Question

The least numbers divisible by 2,3,7 and 9 is :

• A. 126
• B. 256
• C. 251
• D. 189

Hint:

The "least number divisible by" a set of numbers is their LCM (Least Common Multiple). Numbers: 2, 3, 7, 9. Notice that if a number is divisible by 9, it's automatically divisible by 3. So, we need the LCM of 2, 7, and 9. Prime factors: \(2 = 2\) \(7 = 7\) \(9 = 3^2\) LCM = Product of the highest powers of all prime factors involved = \(2^1 \times 3^2 \times 7^1 = 2 \times 9 \times 7 = 126\).

Answer 1

The Correct Option is A

Concept: The least number divisible by a set of given numbers is their Least Common Multiple (LCM).
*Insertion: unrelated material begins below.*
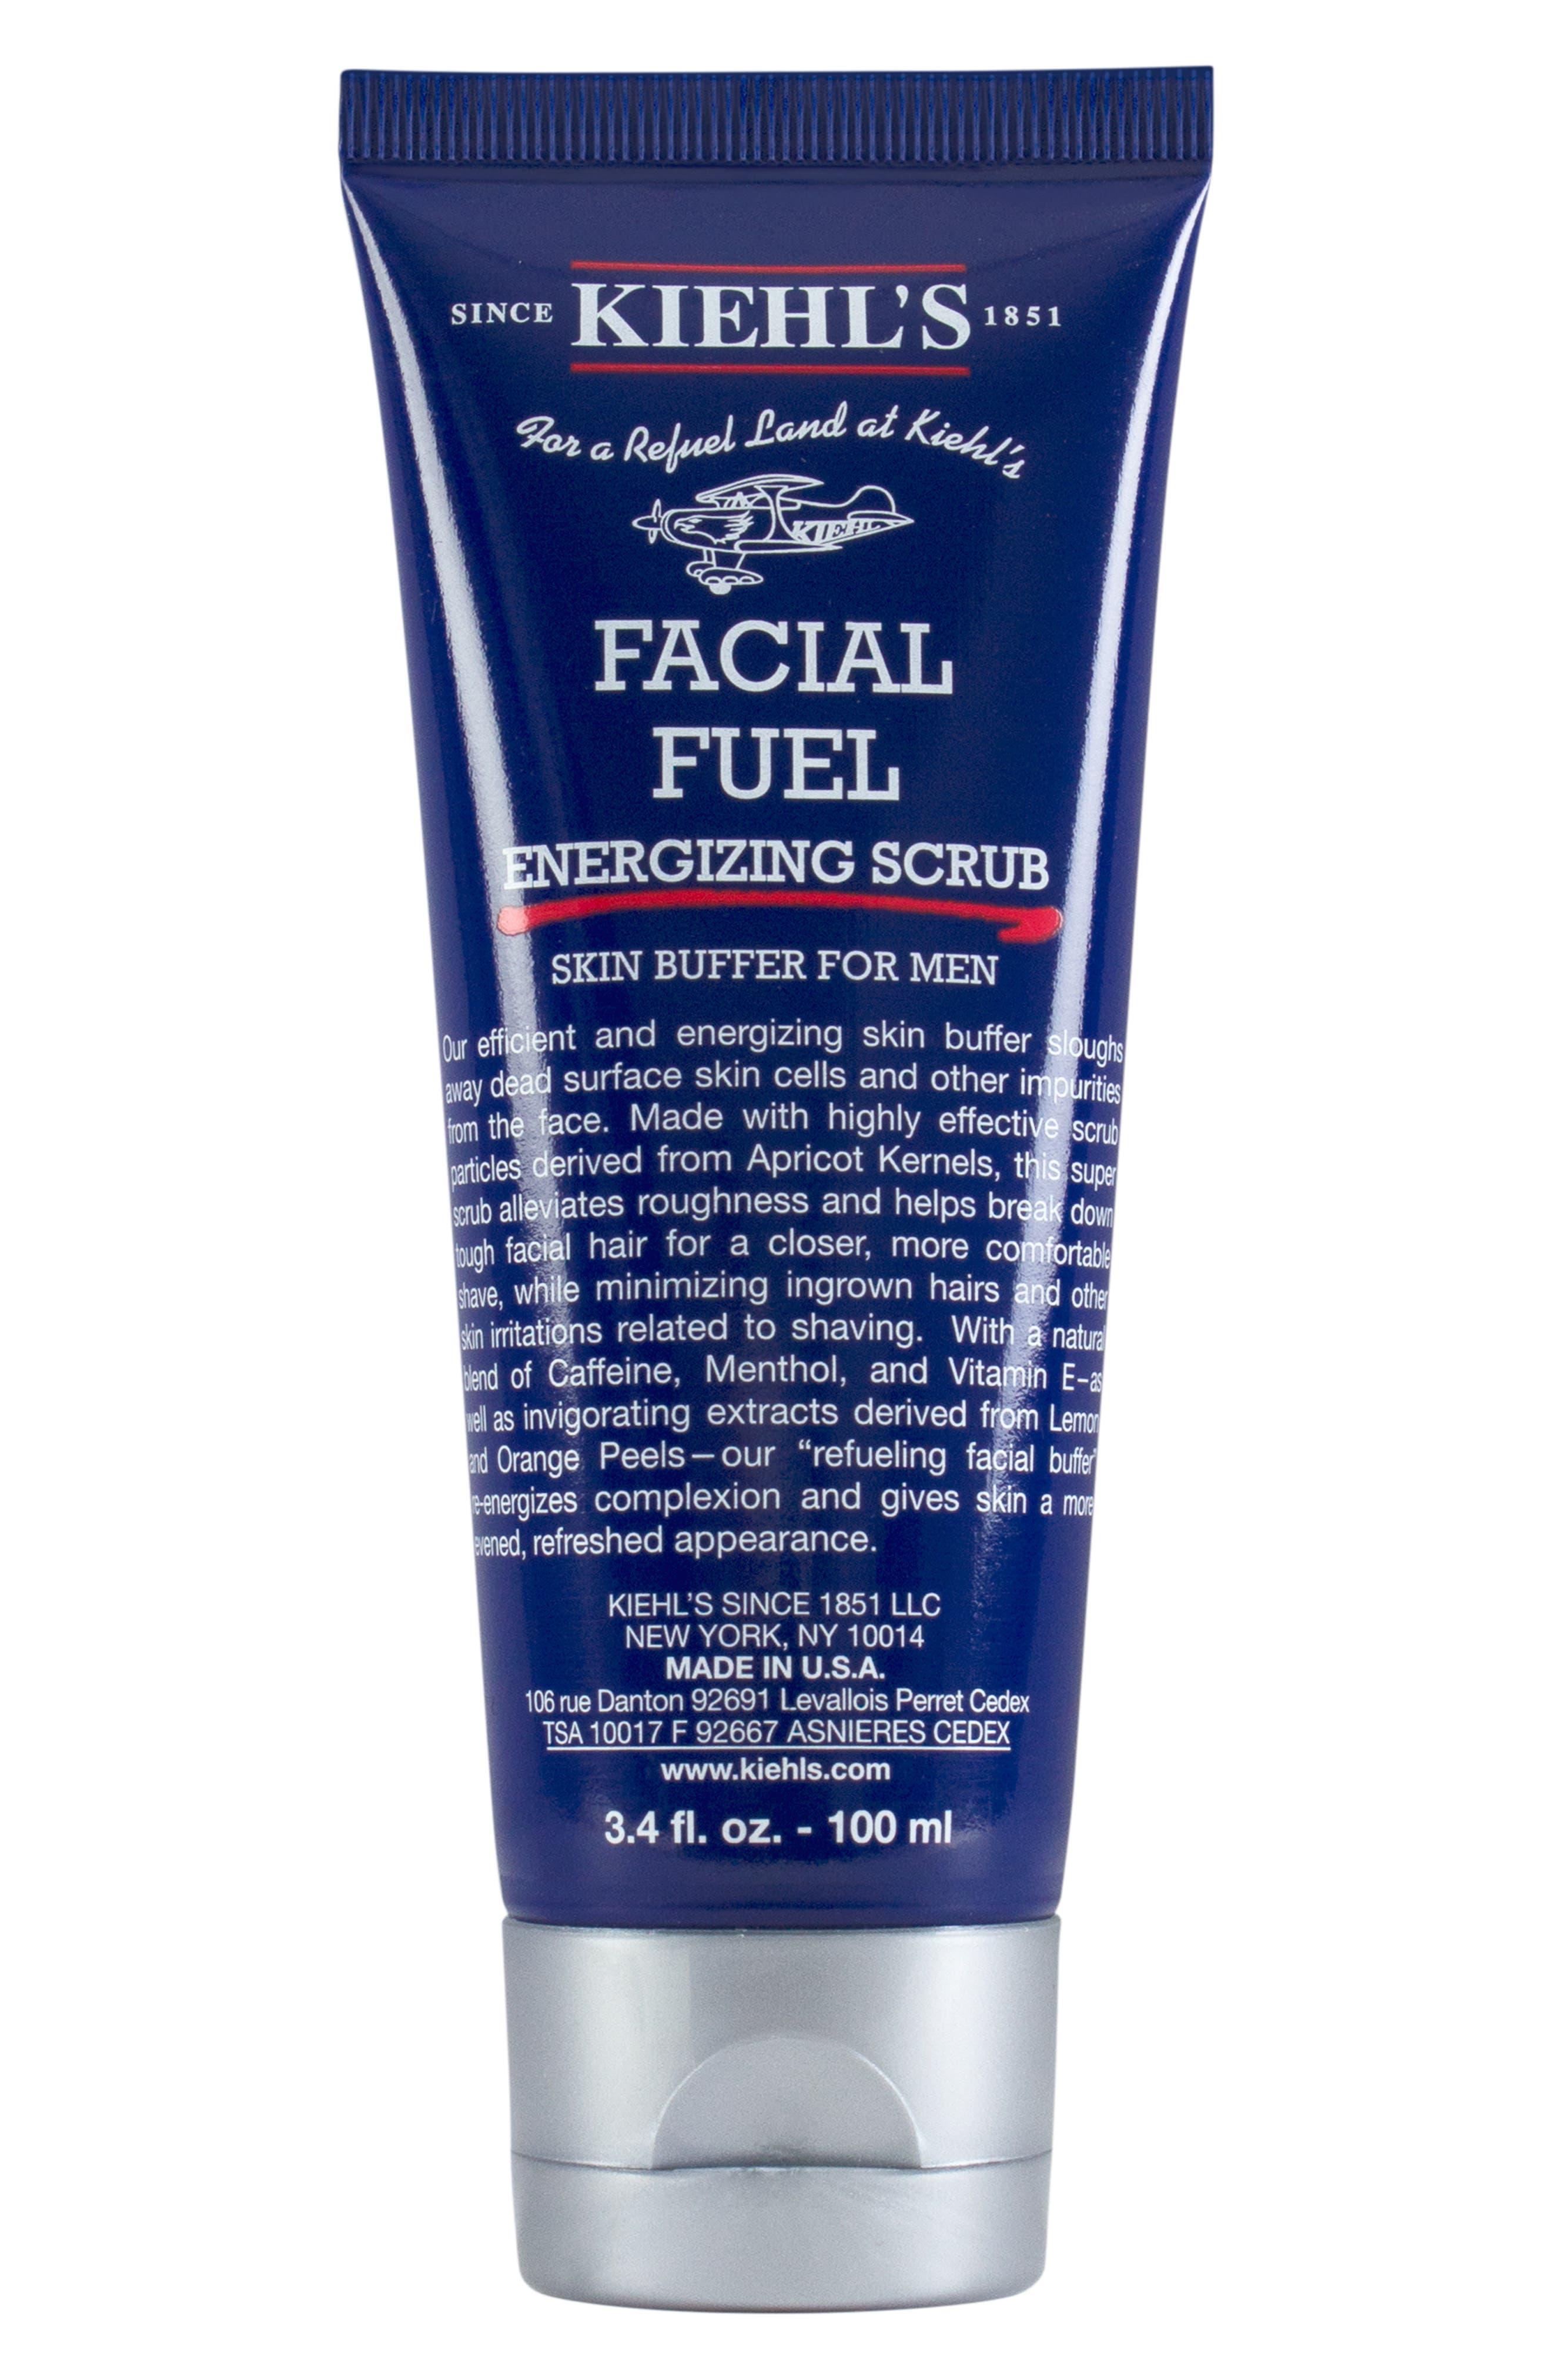 Main Image - Kiehl's Since 1851 Facial Fuel Energizing Scrub

Step 1: List the numbers The given numbers are 2, 3, 7, and 9. Step 2: Find the prime factorization of each number
\(2 = 2^1\)
\(3 = 3^1\)
\(7 = 7^1\)
\(9 = 3^2\) Step 3: Calculate the LCM To find the LCM, take the highest power of each prime factor present in any of the numbers. The prime factors involved are 2, 3, and 7.
Highest power of 2: \(2^1 = 2\)
Highest power of 3: \(3^2 = 9\) (from the number 9, as \(3^2>3^1\))
Highest power of 7: \(7^1 = 7\) LCM = \(2^1 \times 3^2 \times 7^1\) LCM = \(2 \times 9 \times 7\) LCM = \(18 \times 7\) Calculate \(18 \times 7\): \(18 \times 7 = (10+8) \times 7 = 70 + 56 = 126\). So, the LCM is 126. The least number divisible by 2, 3, 7, and 9 is 126. Note: Since 9 is a multiple of 3, any number divisible by 9 is automatically divisible by 3. So, we effectively need the LCM of 2, 7, and 9. LCM(2, 7, 9) = LCM(2, 7, \(3^2\)). Since 2, 7, and 9 are pairwise coprime (no common factors other than 1), their LCM is their product: \(2 \times 7 \times 9 = 14 \times 9 = 126\).